Сабуров раздумывал: в сущности, кто такой этот Уве Клауберг? Ну, был в эсэсовцах. Так и он, Сабуров, был когда-то в эсэсовцах. Многие в те довоенные годы шли в СС лишь потому, что пребывание в их рядах приносило с собой уйму материальных и общественных выгод. Кто из простых людей Германии знал в середине двадцатых годов, и даже в начале тридцатых, что отрядики «для охраны национал-социалистских ораторов», гитлеровские формирования черномундирников, превратятся позже в ударный, бесчеловечный оплот фашизма. Эсэсовец – это еще не гестаповец, говорил себе когда-то Сабуров и все же посчитал необходимым сбросить с себя эсэсовский мундир, как только Гитлер начал войну в Европе: уж слишком страшны были деяния подразделений СС.
Многое припомнилось Сабурову за долгие часы стояния возле вагонного окна поезда, увозившего его из Италии на север Европы. Если отец Клауберга, старый конюх с больным от пива сердцем, лупил своего Уве солдатским ремнем за намерение стать офицером СС, то отец Петра Сабурова, монархист, ревнитель памяти государя-императора Николая II и верноподданный местоблюстителя российского престола Кирилла Владимировича, подталкивал сына: иди, иди, против большевиков все средства хороши.

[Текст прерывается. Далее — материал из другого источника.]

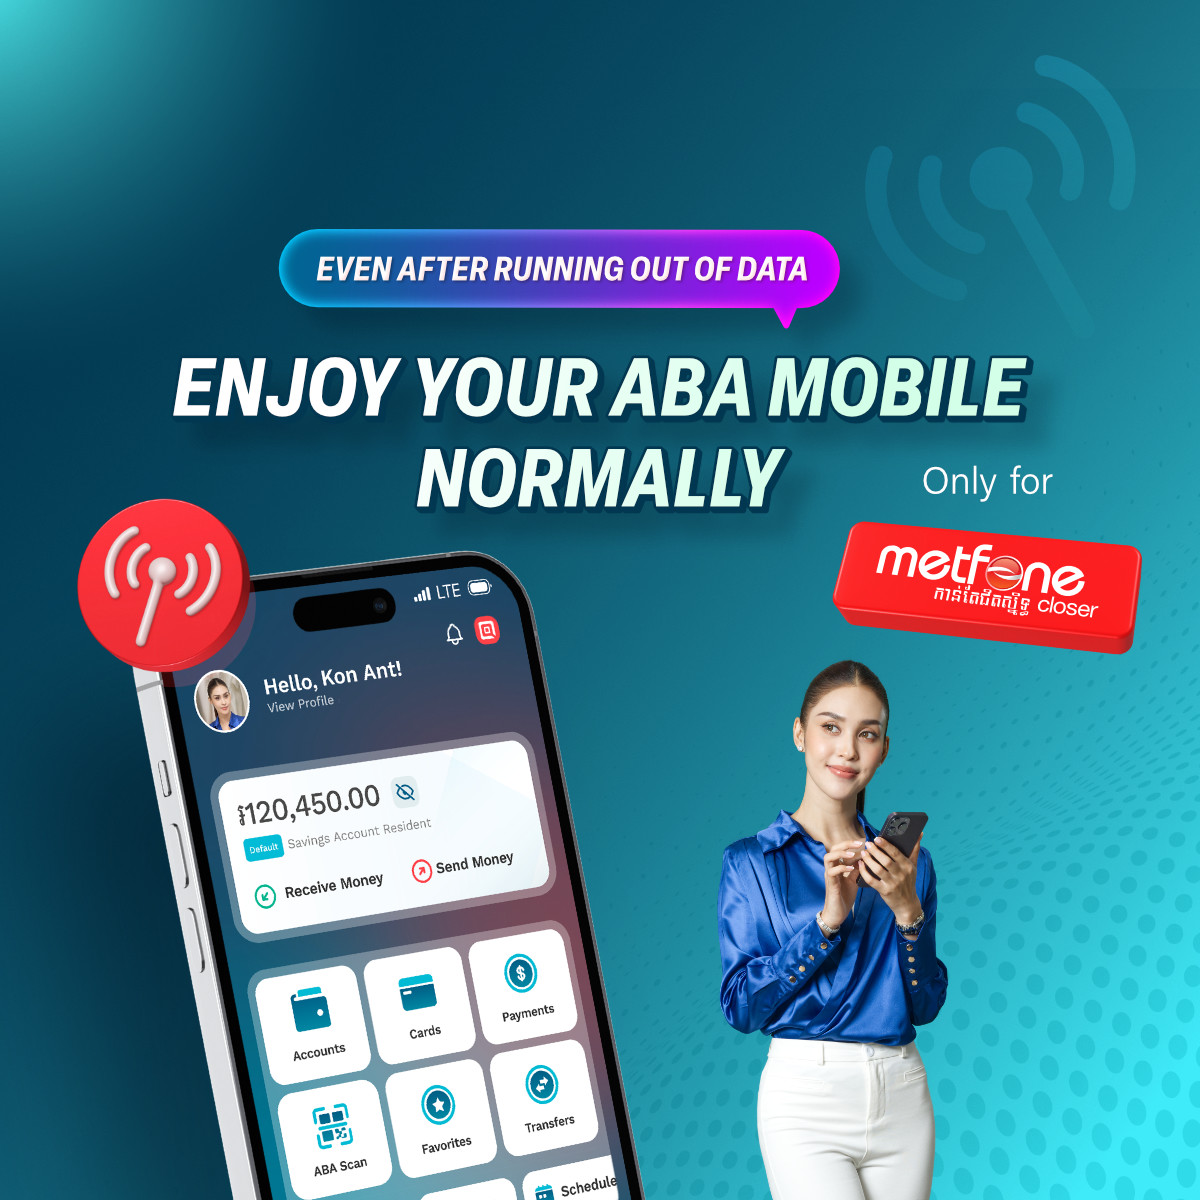 ABA​ Mobile​ offers​ data-saving​ advantage​ to​ Metfone​ users

Вместе с Клаубергом они, семнадцатилетние, охраняли на митингах гитлеровских бонз, по приказу высшего начальства занимались оба организацией и военным обучением детей русских эмигрантов; к началу войны из этих парней, у которых русский язык путался с немецким, составилось целое формирование, вошедшее впоследствии в «Русскую освободительную армию», вокруг которой закружились было всякие князья, бароны, генералы, полковники царской России.
Словом, черный мундир с молниями в петлицах долгое время нисколько не стеснял Петра Сабурова, как тем более он не стеснял, конечно, и Уве Клауберга. Война по-разному изменила их отношение к этому мундиру. Клауберг еще больше им возгордился, а он, Сабуров, не выстоял перед тем, что называется общественным мнением. В эмигрантских кругах пошли горячие споры о том, как относиться к немцам, напавшим на Россию, и в той обстановке русскому человеку ходить в эсэсовцах было по меньшей мере не совсем ловко. Сабуров вышел из СС, но судьба его уже прочно была связана с немцами, и в частности с Уве Клаубергом. В группу, осуществлявшую «операцию Линц», первым взяли Клауберга. Еще в сороковом году. Вот тогда-то он впервые и побывал в Италии. А позже, когда гитлеровцы пошли на Восток, на Россию, в «операции», покинув ведомство Розенберга, стал участвовать ион, Сабуров. В составе эйнзацштаба они прошли с зондеркомандами доктора Ганса Поссе всю Польшу, тщательно обшаривая ее панские поместья, полные драгоценных произведений искусств, прошагали всю Прибалтику, с чудесными городами Вильнюсом, Каунасом, Ригой, Таллином, весь Северо-Западный край оккупированной России и почти два года просидели под Ленинградом в ожидании вступления немецких войск в Ленинград. Если с кем и приходилось схватываться чуть ли не в рукопашную, то с такими же, поистине вездесущими зондеркомандами хорошо знакомого Сабурову рейхслейтера Розенберга, состав которых рядился не в черную, а в коричневую форму, с командой господина Риббентропа, во главе которой стоял штурмбанфюрер СС барон фон Кюнсберг, с отрядом рейхсмаршала Геринга, возглавлявшимся статс-секретарем Каем Мюльманом. Но то были сражения особого рода, рукопашные тут были символическими, а делалось все очень просто: кто кого опередит, кто кого обманет, кто у кого вырвет из лап.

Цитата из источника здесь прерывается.